Evaluation of the in vitro susceptibility of various filarial nematodes to emodepside

Filariae are vector-borne nematodes responsible for an enormous burden of disease. Human lymphatic filariasis, caused by Wuchereria bancrofti, Brugia malayi, and Brugia timori, and onchocerciasis (caused by Onchocerca volvulus) are neglected parasitic diseases of major public health significance in tropical regions. To date, therapeutic efforts to eliminate human filariasis have been hampered by the lack of a drug with sufficient macrofilaricidal and/or long-term sterilizing effects that is suitable for use in mass drug administration (MDA) programs, particularly in areas co-endemic with Loa loa, the causative agent of loiasis. Emodepside, a semi-synthetic cyclooctadepsipeptide, has been shown to have broad-spectrum efficacy against gastrointestinal nematodes in a variety of mammalian hosts, and has been approved as an active ingredient in dewormers for cats and dogs. This paper evaluates, compares (where appropriate) and summarizes the in vitro effects of emodepside against a range of filarial nematodes at various developmental stages. Emodepside inhibited the motility of all tested stages of filariae frequently used as surrogate species for preclinical investigations (Acanthocheilonema viteae, Brugia pahangi, Litomosoides sigmodontis, Onchocerca gutturosa, and Onchocerca lienalis), human-pathogenic filariae (B. malayi) and filariae of veterinary importance (Dirofilaria immitis) in a concentration-dependent manner. While motility of all filariae was inhibited, both stage- and species-specific differences were observed. However, whether these differences were detected because of stage- and/or species-specific factors or as a consequence of variations in protocol parameters among the participating laboratories (such as purification of the parasites, read-out units, composition of media, incubation conditions, duration of incubation etc.) remains unclear. This study, however, clearly shows that emodepside demonstrates broad-spectrum in vitro activity against filarial nematode species across different genera and can therefore be validated as a promising candidate for the treatment of human filariases, including onchocerciasis and lymphatic filariasis.

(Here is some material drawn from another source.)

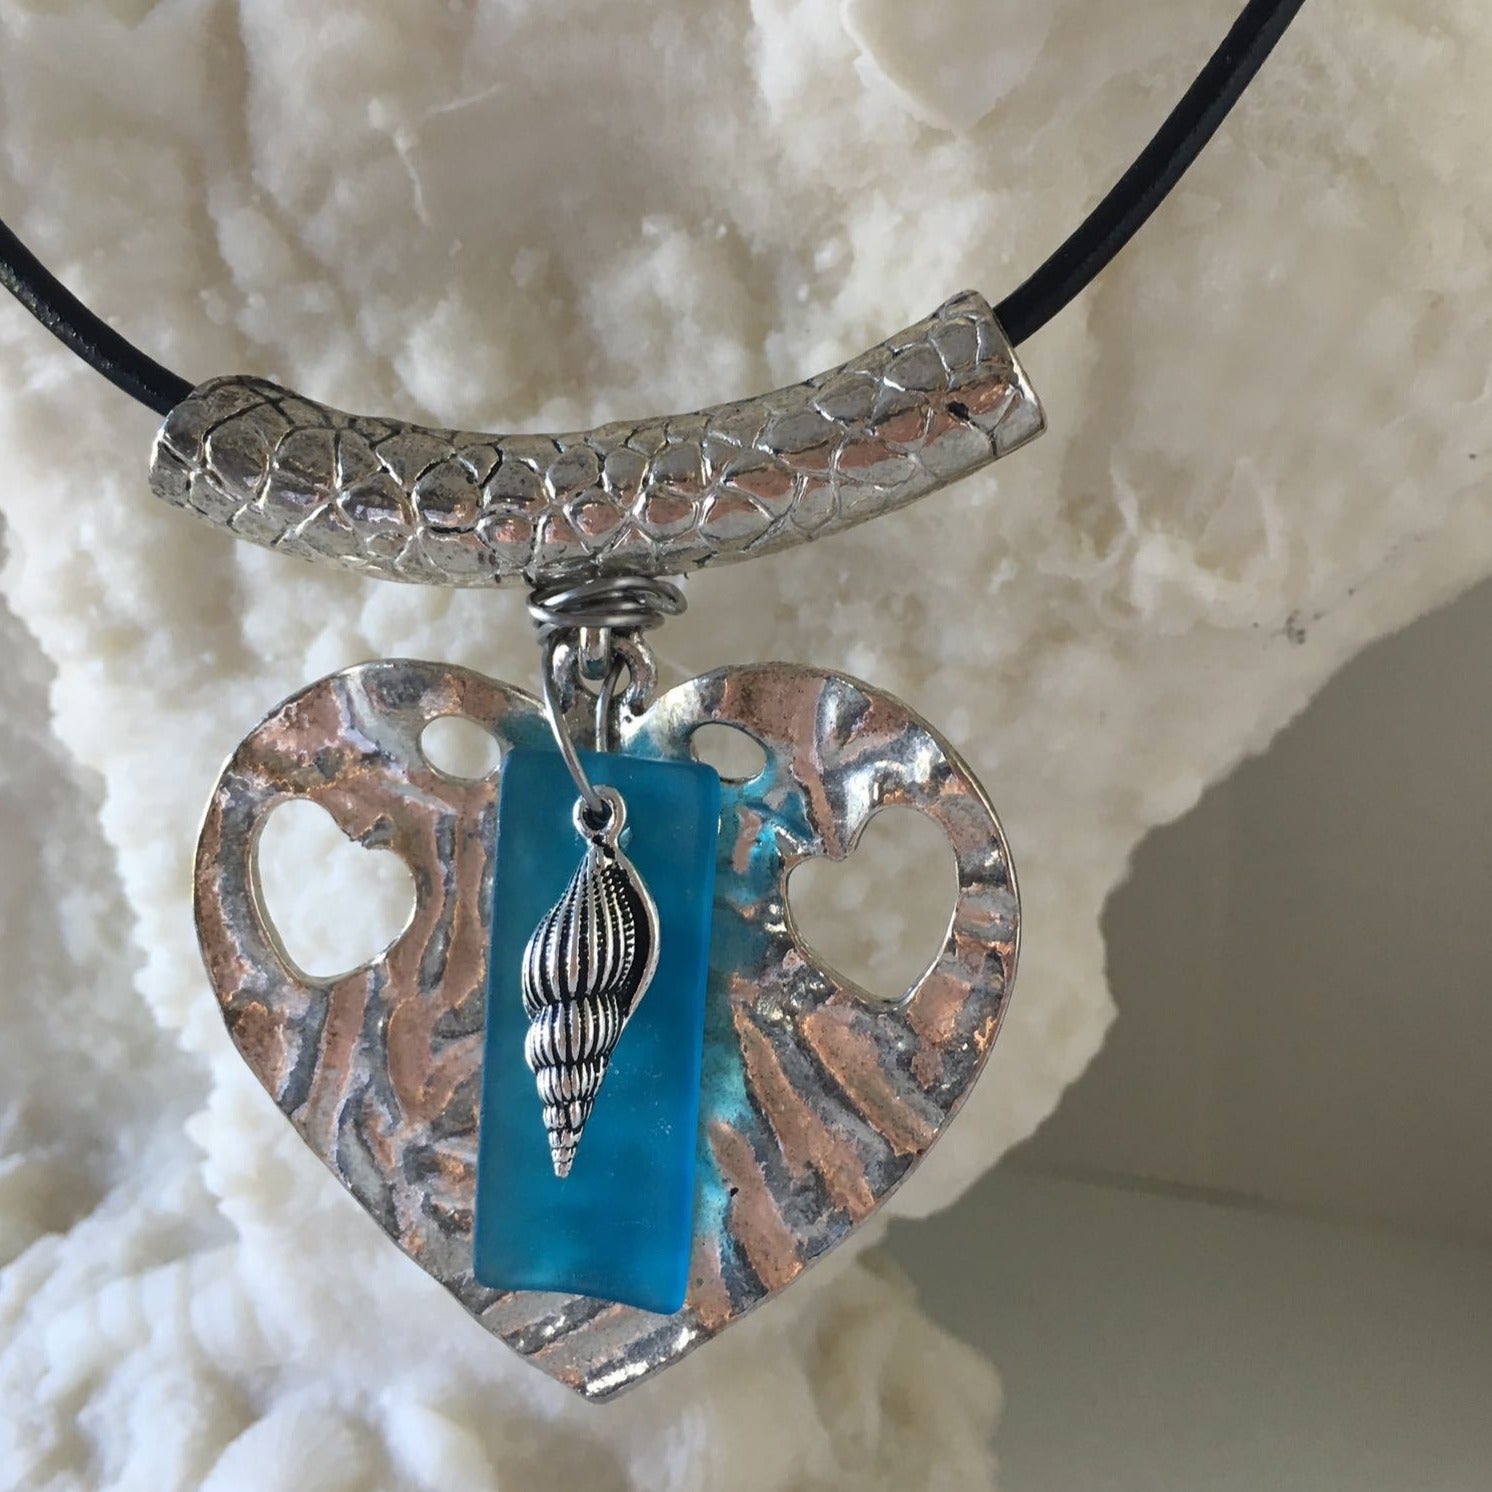 Necklace - The Sea has my Heart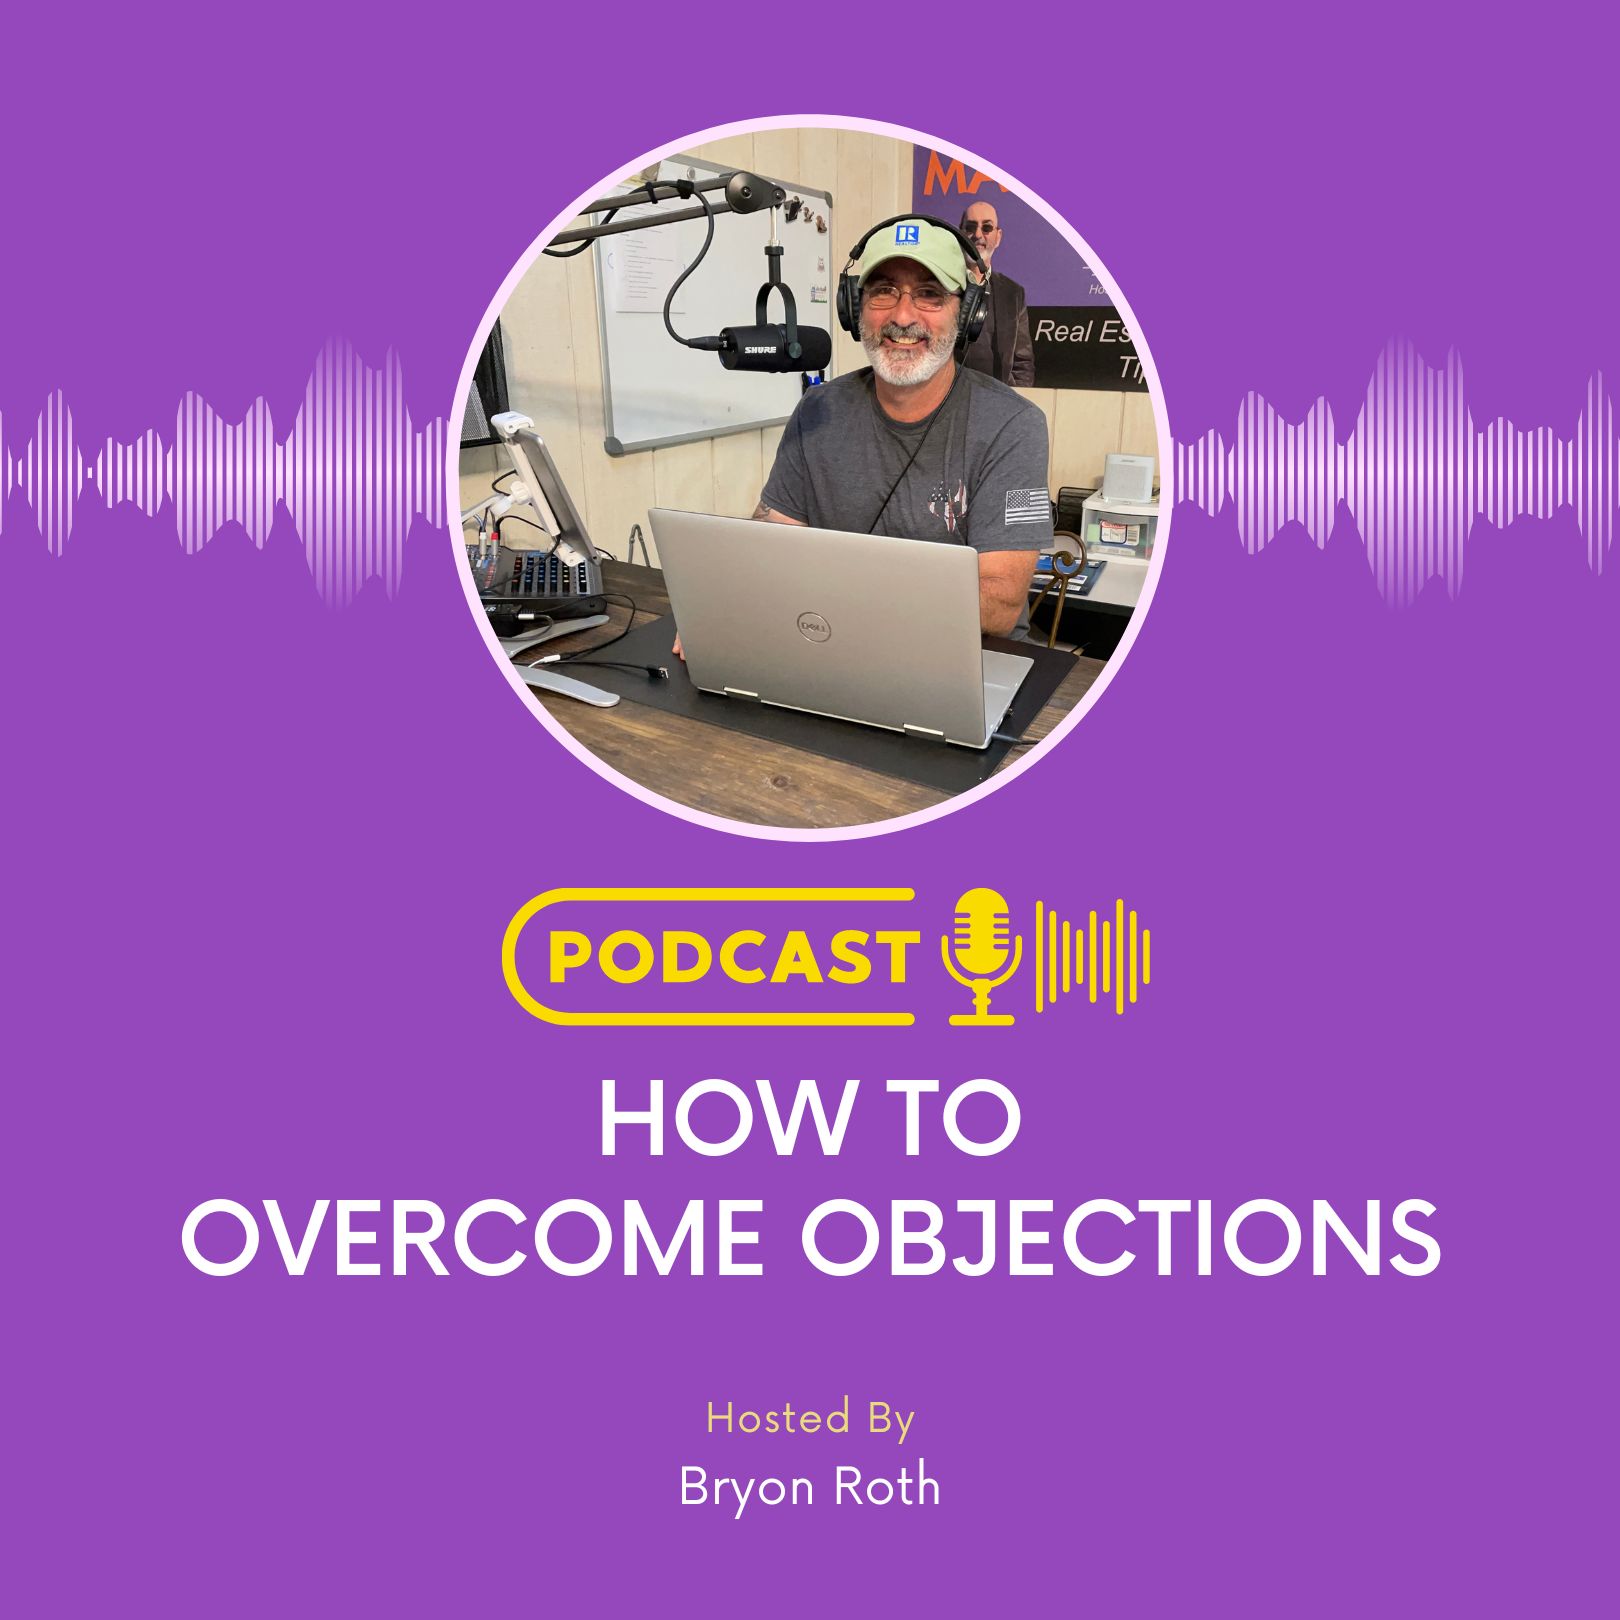 How To Overcome Objections

Marc P Hübner, Simon Townson, Suzanne Gokool, Senyo Tagboto, Mary J Maclean, Guilherme G Verocai, Adrian J Wolstenholme, Stefan J Frohberger, Achim Hoerauf, Sabine Specht, Ivan Scandale, Achim Harder, Martin Glenschek-Sieberth, Steffen R Hahnel, Daniel Kulke. Int J Parasitol Drugs Drug Resist. 2021 Jul 28;17:27-35. doi: 10.1016/j.ijpddr.2021.07.005.